The paper often publishes exposes about government waste and corruption, and its use of social programs to allegedly coerce people into supporting the ruling socialist party. In 2013, the newspaper sparked a scandal by publishing photos of a public hospital in the nearby city of Maracay that was allegedly so short on medical equipment that it was placing newborn babies in cardboard boxes rather than cribs. [Health officials denied the claim.]
Although Alfredo Maneiro initially sold El Carabobeño a small amount of newsprint, González said that it quickly cut off supplies. State companies have also pulled ads and several privately owned firms that had been advertising stalwarts, such as the telecommunications company CANTV, stopped buying space after they were taken over by the government, González said.
El Carabobeño has responded by shrinking from a broadsheet format to a tabloid. Last year, the newspaper moved online except for a weekly edition. But, after using its last newsprint in February, the weekly edition was also canceled.
Along the way, the newspaper’s five regional offices shut down and the staff has been cut from 60 to 14 reporters and editors. Due to hyperinflation and the collapse of the currency, many of them earn the equivalent of just a few dollars per month. Among them is Ana Gómez, a university student and part-time editor who said that she plans to move to Argentina next year.
“Some journalists still have hope and want to keep working in Venezuela, but most of us want to leave the country,” she told CPJ.
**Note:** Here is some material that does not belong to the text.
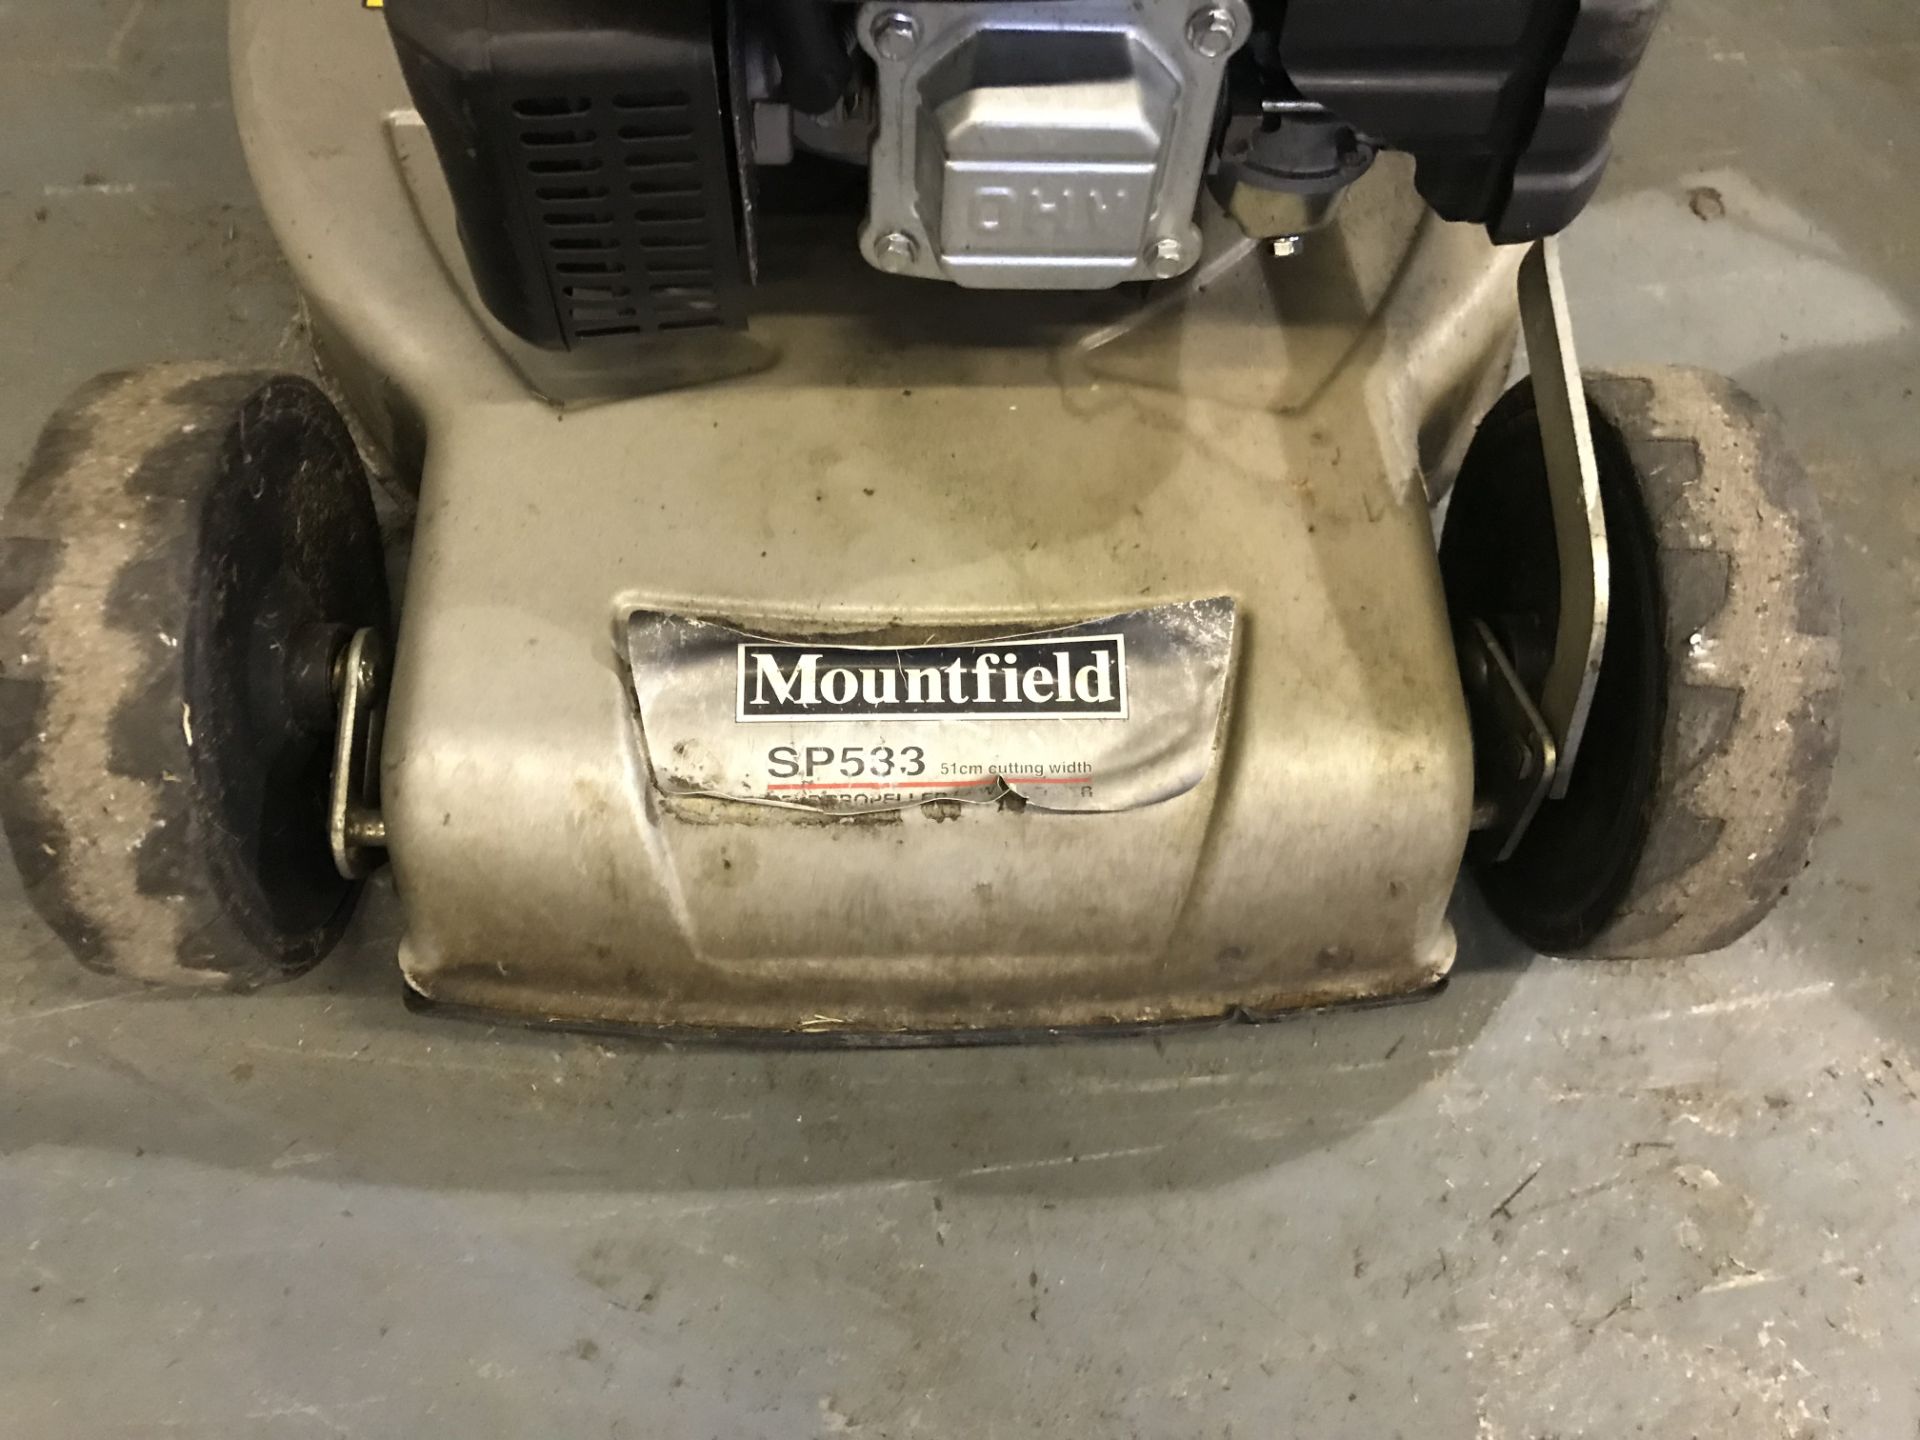 Mountfield SP533 51cm Self-Propelled Petrol Lawn Mower | 2013 - Image 3 of 5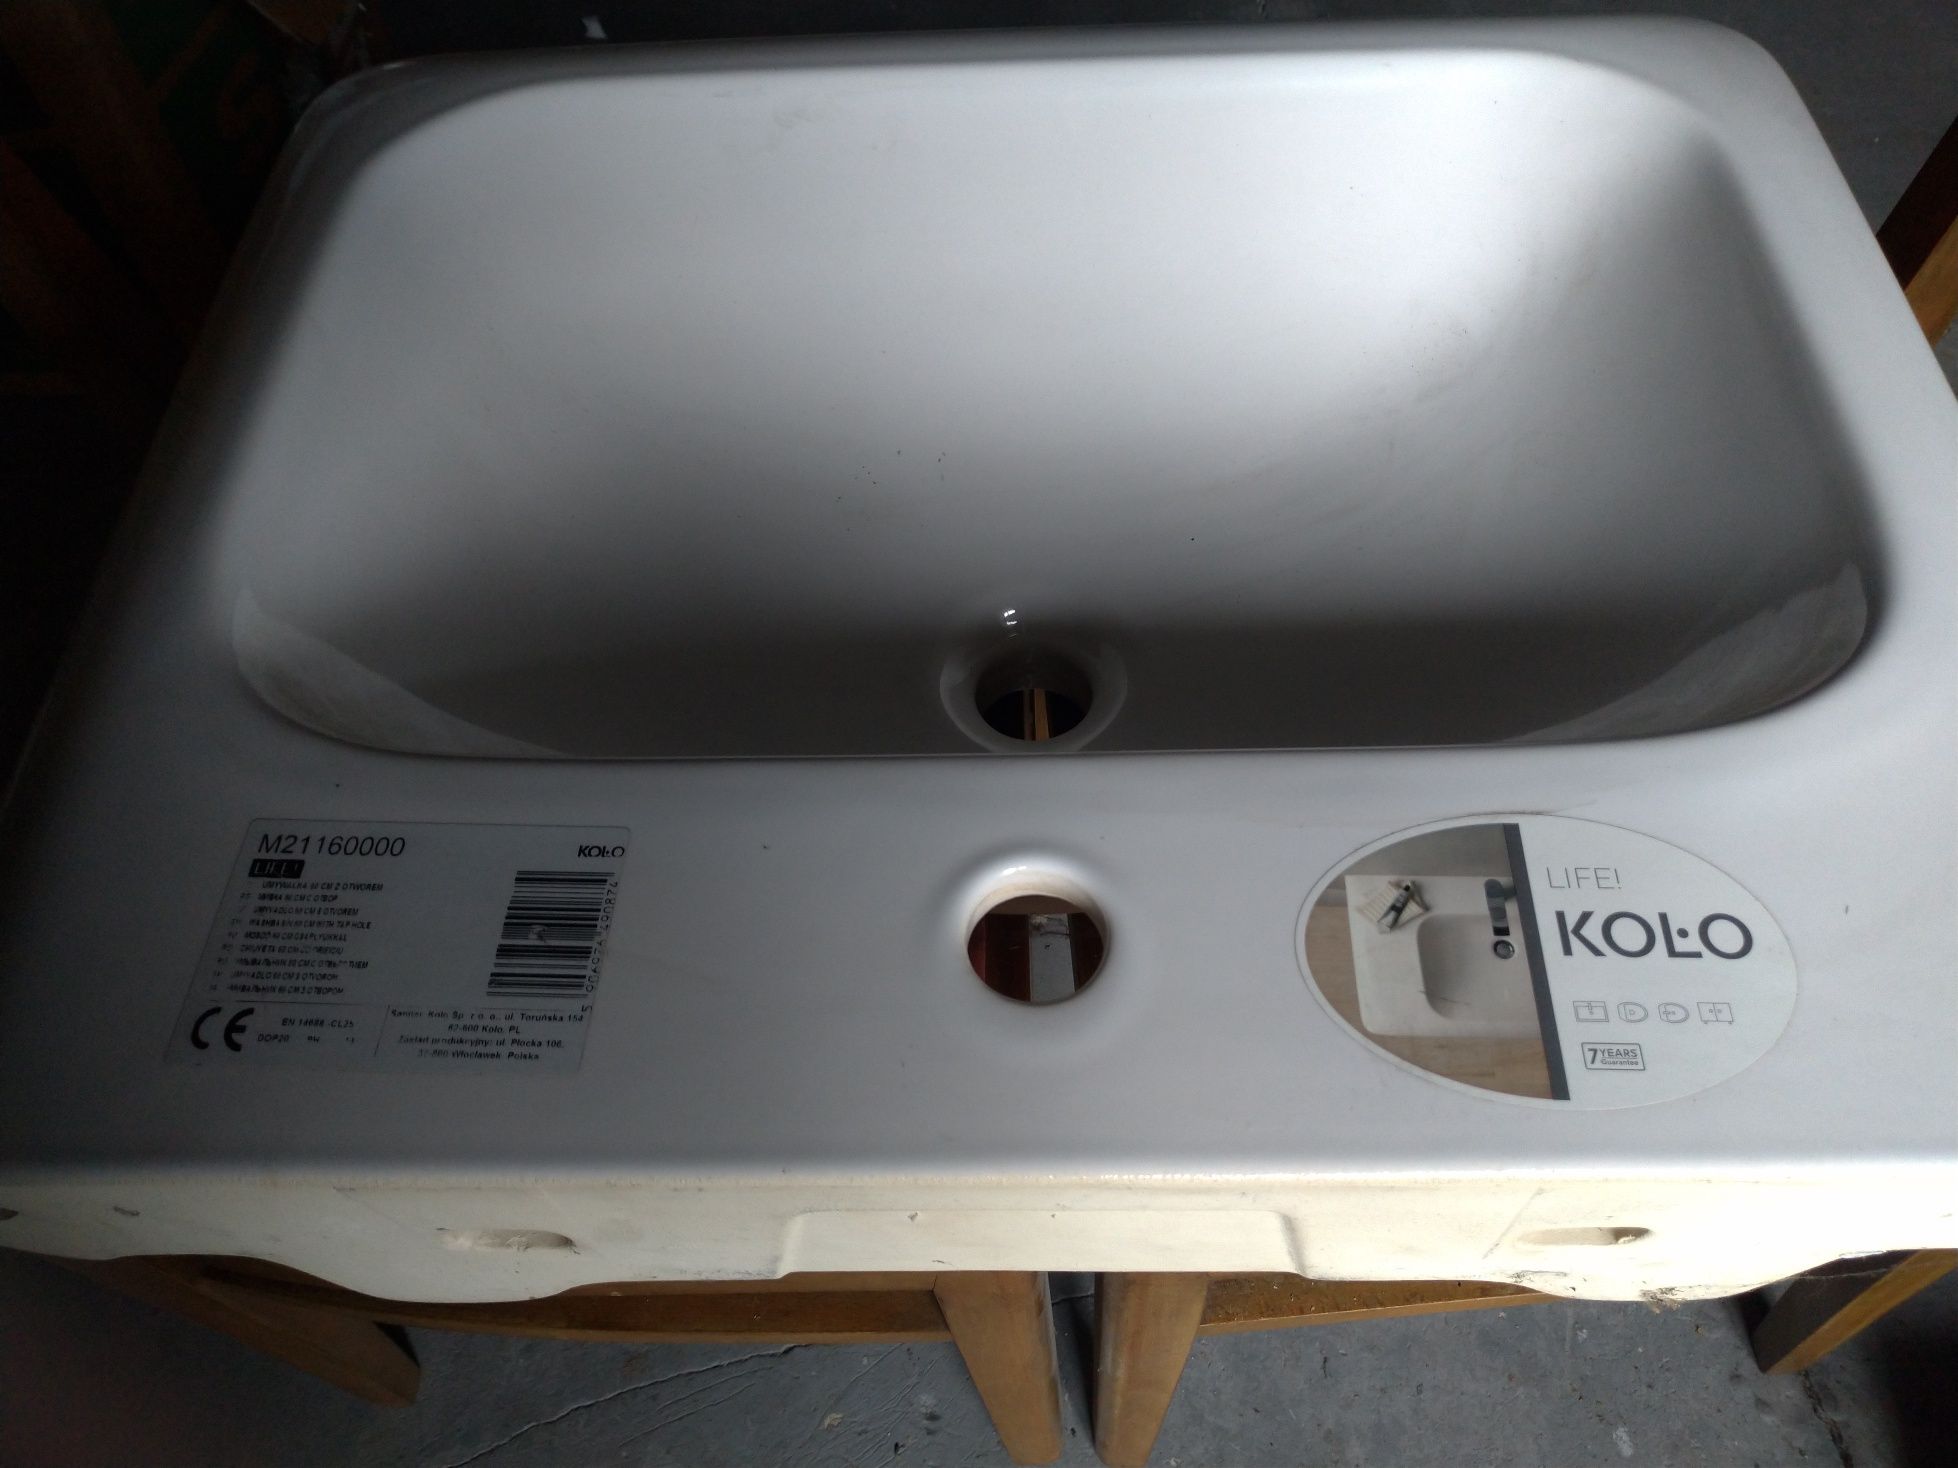 Umywalka firmy Kolo

González, however, is determined to stay put even though she was injured while covering anti-government protests in July. She said that while heading back to her Valencia apartment to seek refuge from the mayhem, a member of the National Guard shot a tear gas canister in her direction. The canister missed González but shattered a glass door and shards hit her right eye and face. After several operations, she now sports an inch-long scar on her cheek and has problems with her vision.
Still, González declared, “I’m not going to let this stop me from going into the streets and reporting.”